By Destin Bales [03.15.12]

 In part two of this introductory series for aspiring developers, Destin Bales discusses some of the best ways to develop real experience and prepare a solid portfolio for a future job. The following text comes from Bales' blog, "I Need To Make Games."

Part one of this series is available here.

Step 4: Build Hands-On Experience

Now it is time to get your hands dirty and begin building applicable experience that you can use as a stepping stone to secure your first development job.

Of all of the articles and bits of advice in this series, "Build Hands-On Experience" is by far the most important one of the bunch.  Follow this path and you will reach your goal of working in the games industry. If however you skip this step you will find it significantly more difficult to break into development and the odds may not be in your favor. Yes it takes time -- possibly a considerable amount of time.  In the end, however, it is the most valuable experience you can gain and it is this work that you will ultimately feature on your resume and use to sell yourself to prospective employers.

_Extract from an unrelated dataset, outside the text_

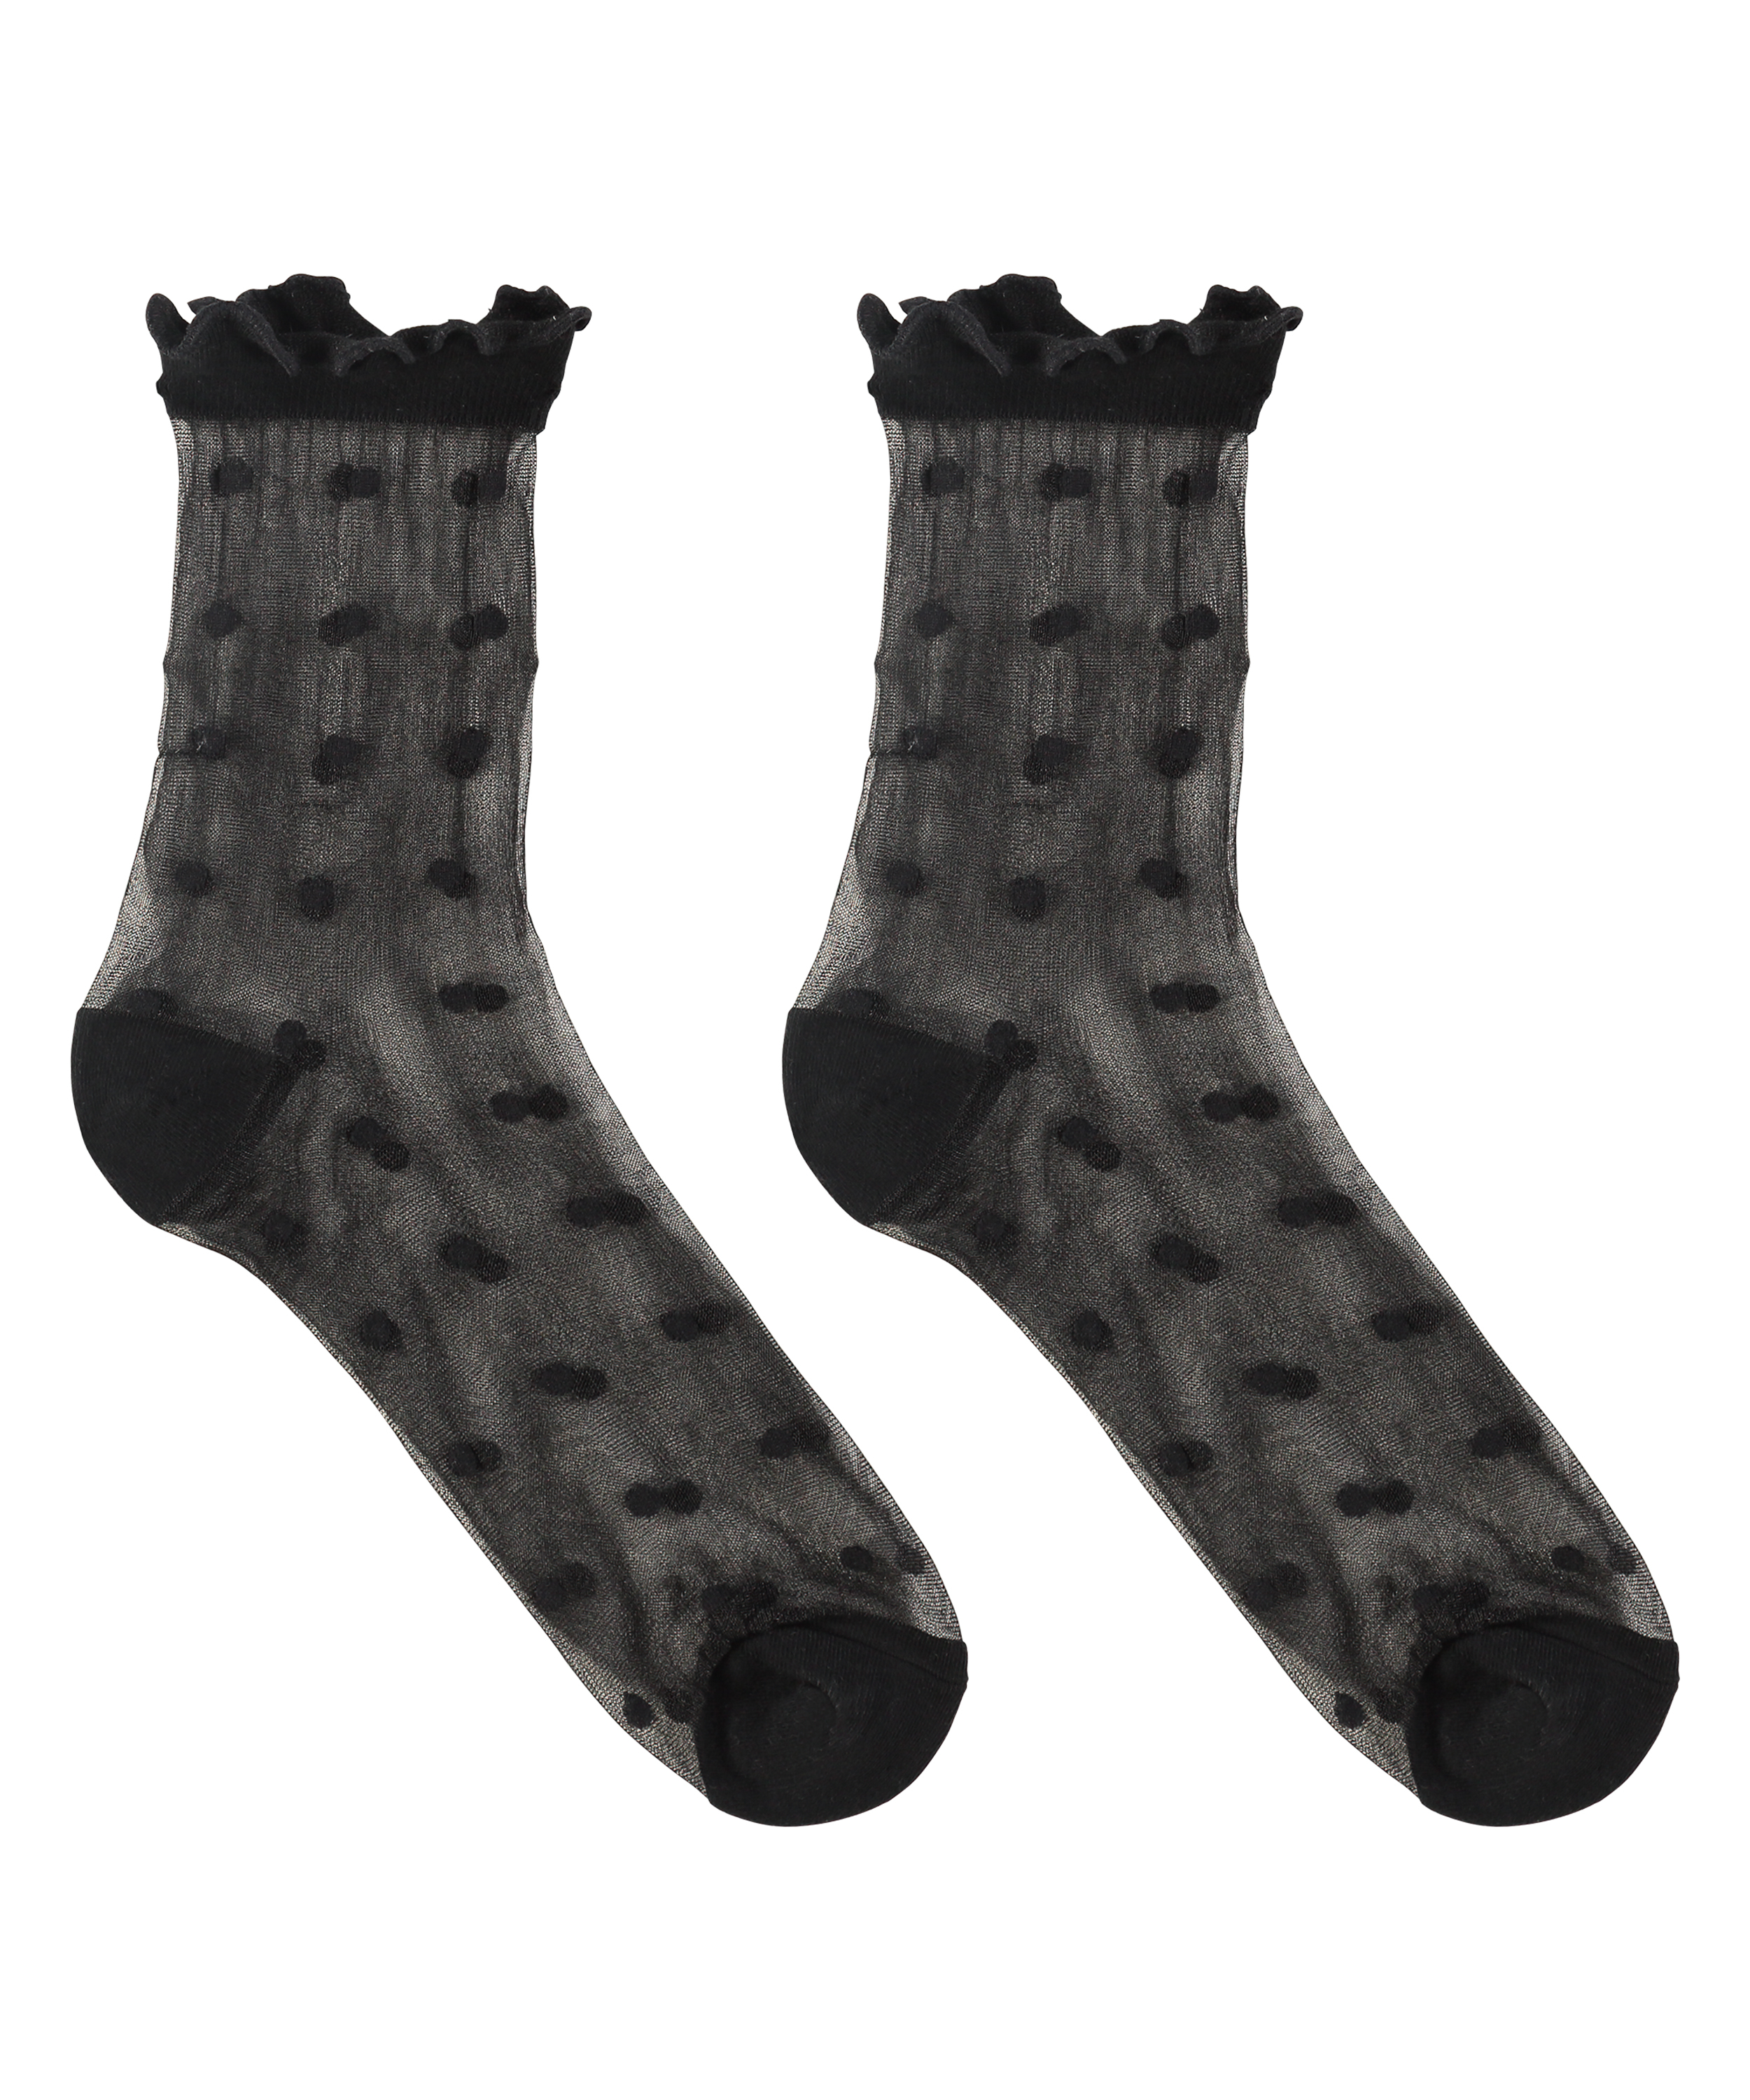 1 pair of Fashion socks, Black, main

Regardless of your desired discipline the most important thing that you need to do is prove your worth on screen by showing your art, design sense, or engineering skillset in a game engine by sharing a functional demo, prototype, mod or newly created game. While there are a number of different ways to achieve this goal we suggest getting started by learning a powerful and free game development engine named the Unity engine.  Used to make many commercially successful games on the PC and iOS platforms, Unity offers an intuitive interface, numerous online tutorials and available books, and even the ability to purchase assets for use in your game for just a few dollars each. Furthermore, Unity supports both C# and Javascript so if you followed our advice and participated in the free Stanford Programming Methodology class you are practically equipped to write any code necessary.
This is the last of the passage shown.